NY mayor feels heat over shootings
NEW YORK-Gun violence has rocked the first three weeks of Eric Adams' tenure as New York mayor, piling pressure on the former police officer to deliver on his promise to improve public safety in the US' largest city.
A shooting in Harlem on Friday left one police officer dead and another in critical condition.
It was the latest flashpoint of the Democratic mayor's nascent rule, in which he has yet to present a comprehensive plan to rein in the crime he has decried.
"It is our city against the killers," said Adams, a retired police captain, on Friday night at Harlem Hospital, where the officers, who had been responding to a domestic disturbance, were taken following the shooting.
Recent shootings include one in which a girl, 11, was hit in the cheek by a stray bullet in the Bronx as she was in a parked car with her mother.
They are seen as part of a broader trend of gun violence fueled by the accessibility of firearms, against the backdrop of the social and economic toll of the pandemic.
And they are testing the new mayor's tough-on-crime campaign message while setting up a potential showdown with the left flank of his party over police funding and crime reduction strategies.
On Friday Adams urged federal action on gun control and called on New Yorkers to work with police to stem violence.
"No matter how painful this moment is, don't give up on these people in this city," he said.
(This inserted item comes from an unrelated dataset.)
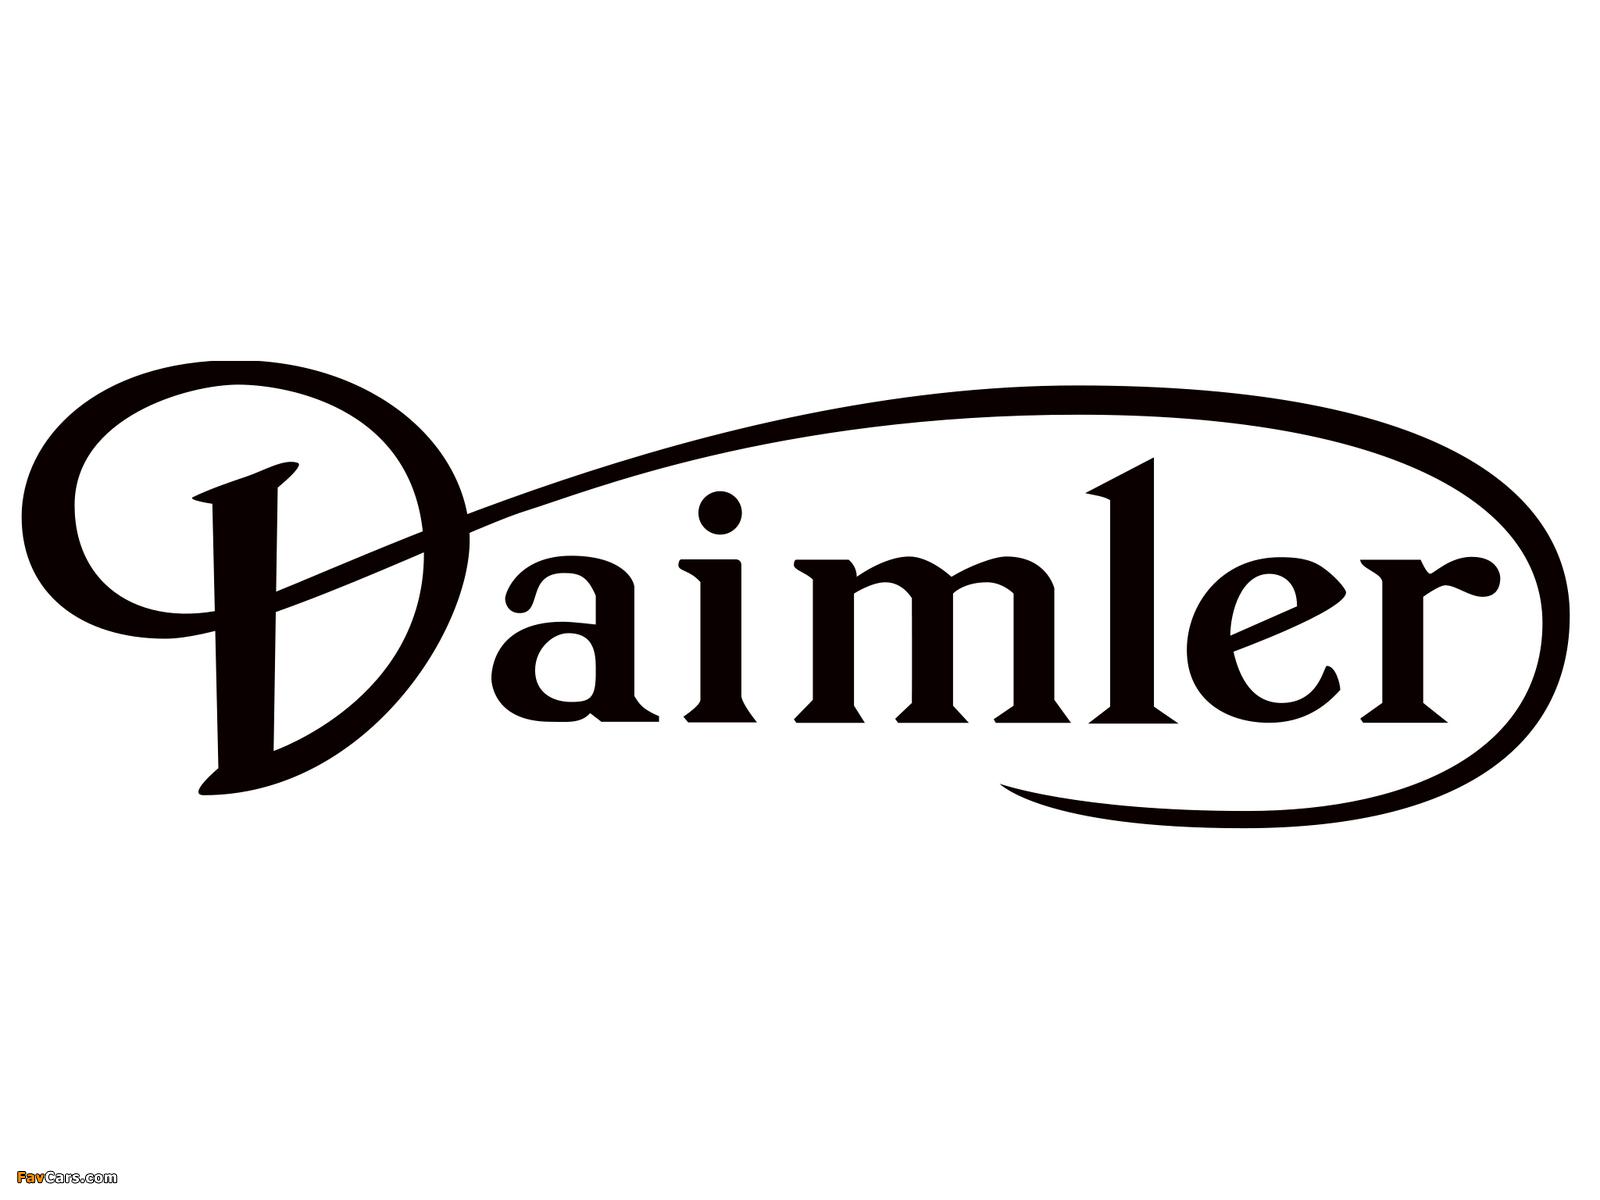 Daimler wallpapers (1600 x 1200)
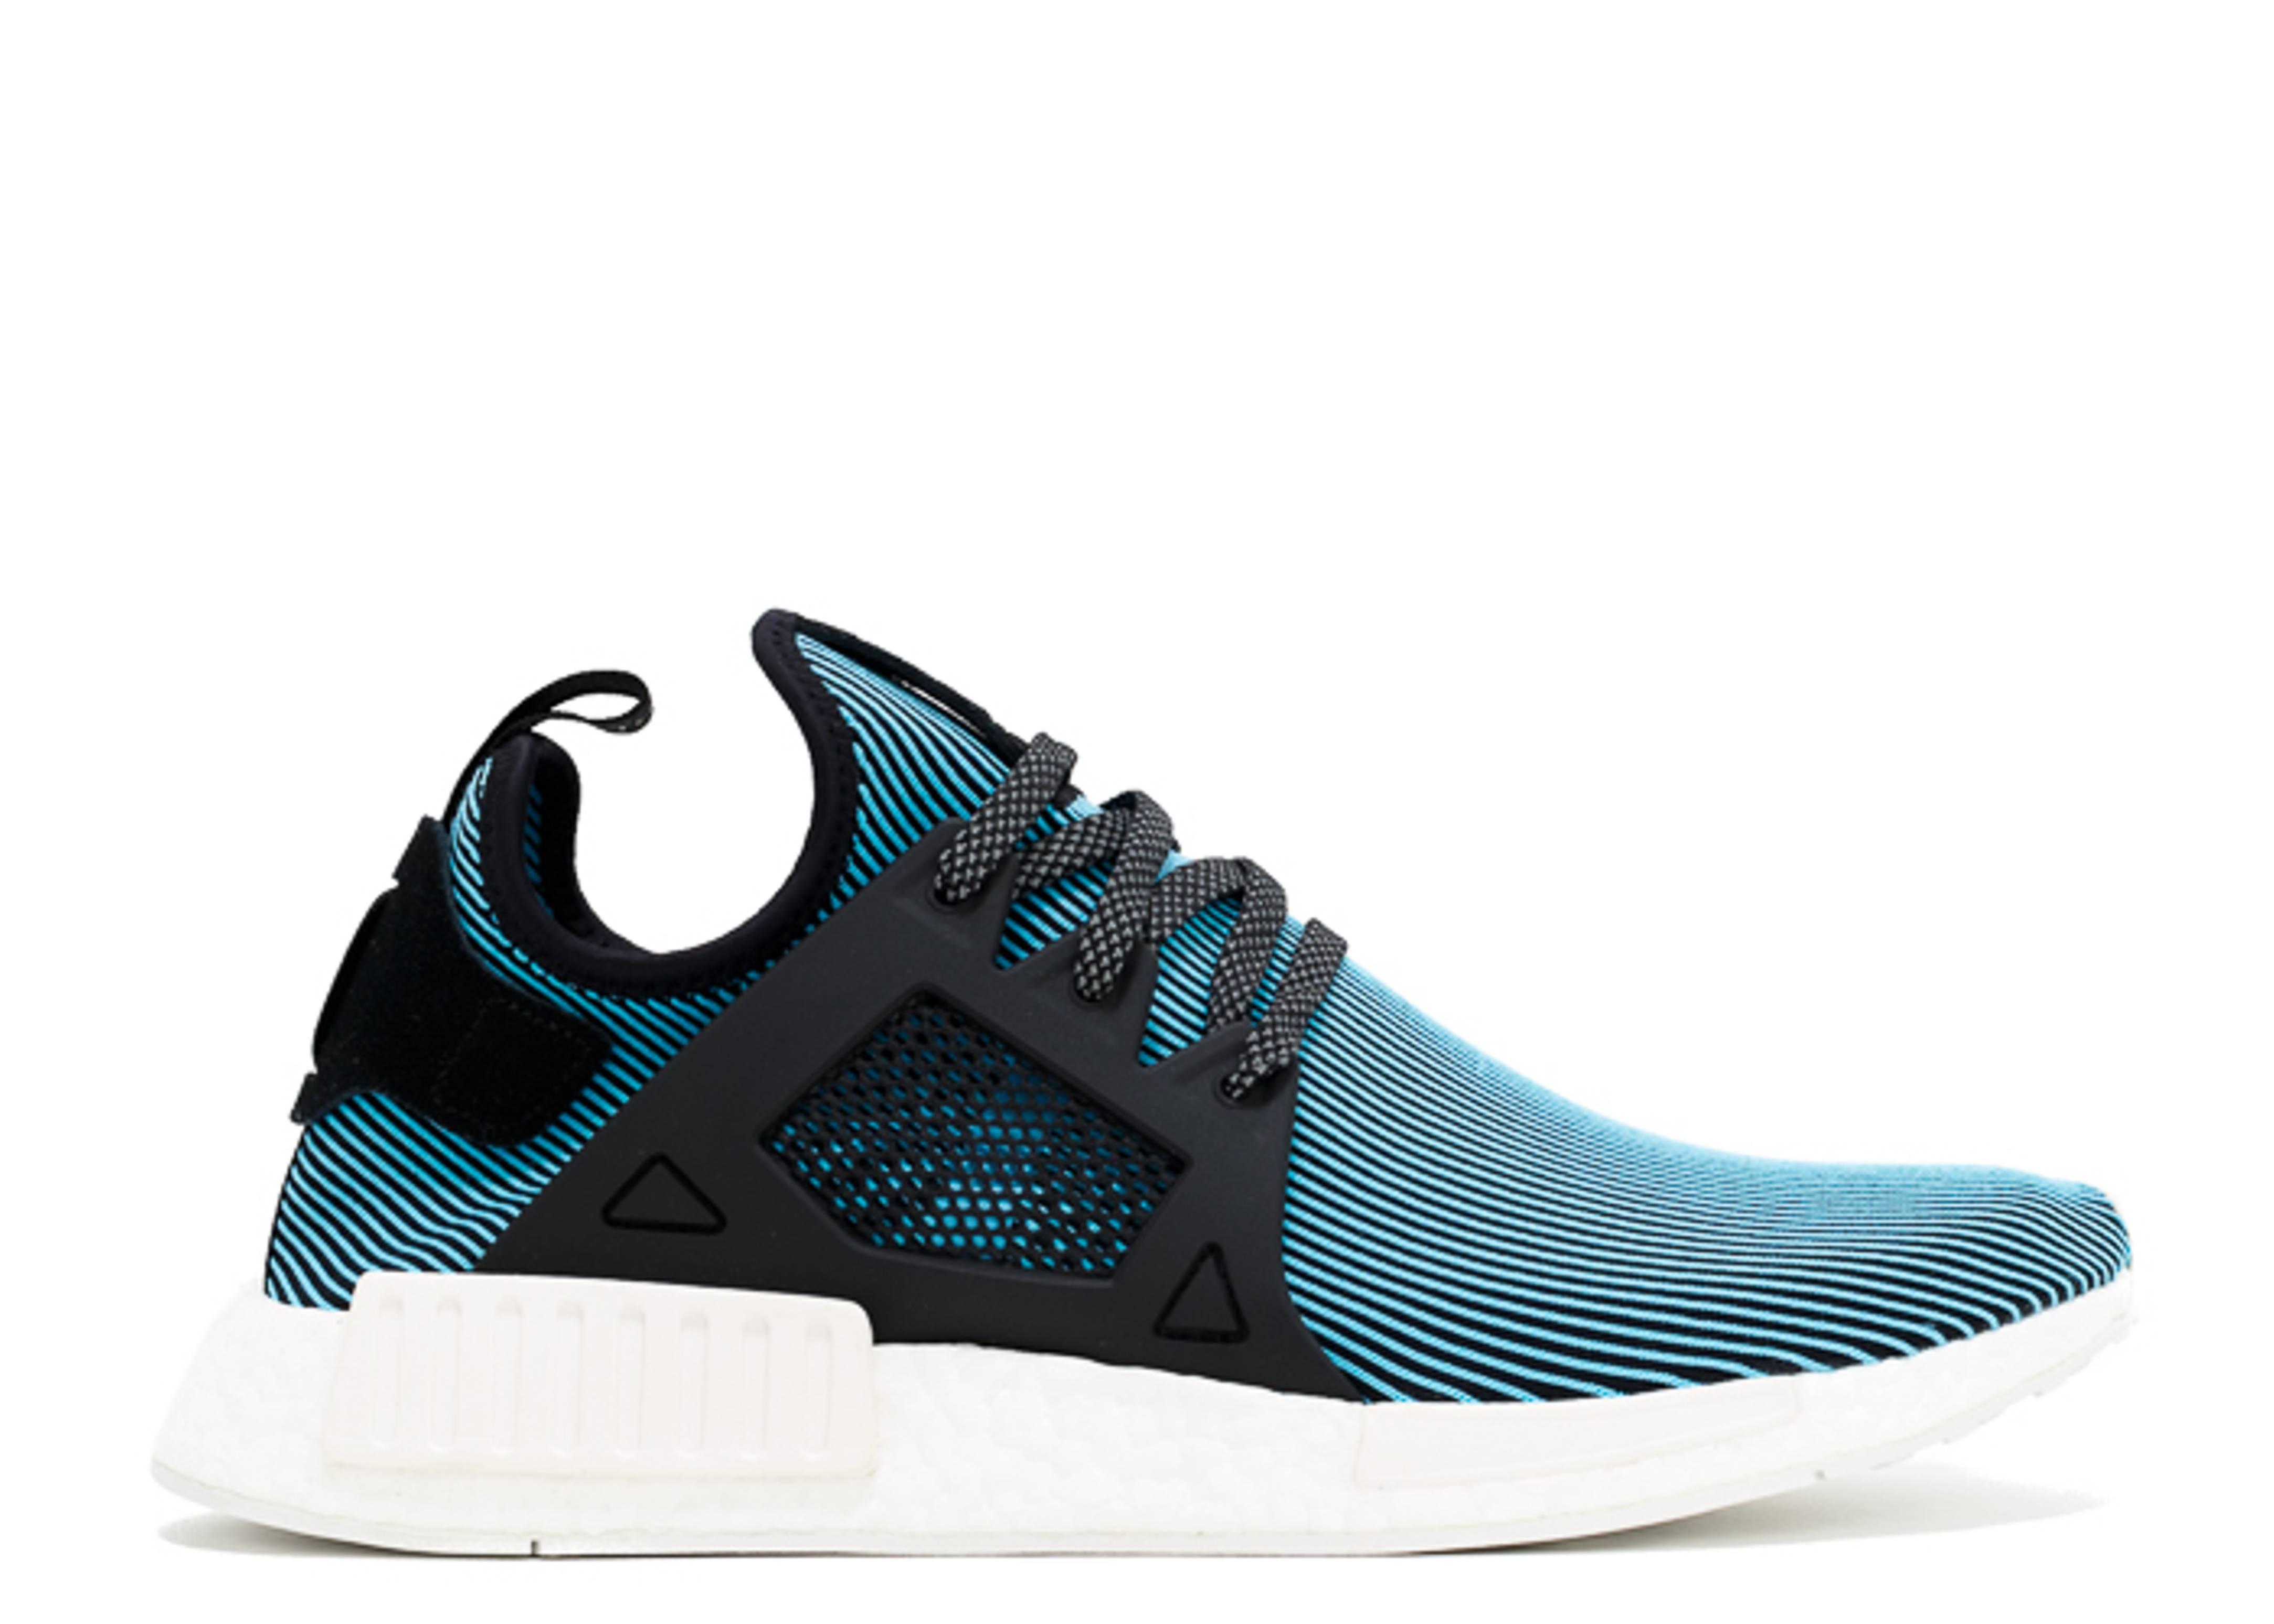 BUY Titolo X Adidas NMD XR1 Trail Celestial

"Twitter and Instagram and social media-they're not the people you're protecting," he said, in an apparent rebuke of his critics, many of whom are vocal online and have pushed to "defund" the NY Police Department, the country's largest.
Now that call may be coming to a head as Adams prepares to negotiate a new city budget.
Last week he said he would consider exempting the police force, with a budget exceeding $5 billion, from citywide cost-cutting.
Last year police recorded 488 homicides in the city of nine million, 4.3 percent more than in 2020, but Jeffrey Butts, director of the research and evaluation center at the John Jay College of Criminal Justice, said that 25 years ago the number of homicides in New York was quadruple what it is today.
While he said he disagrees with the notion of "defunding the police," he also told Agence France-Presse that "more police funding is not an appropriate response".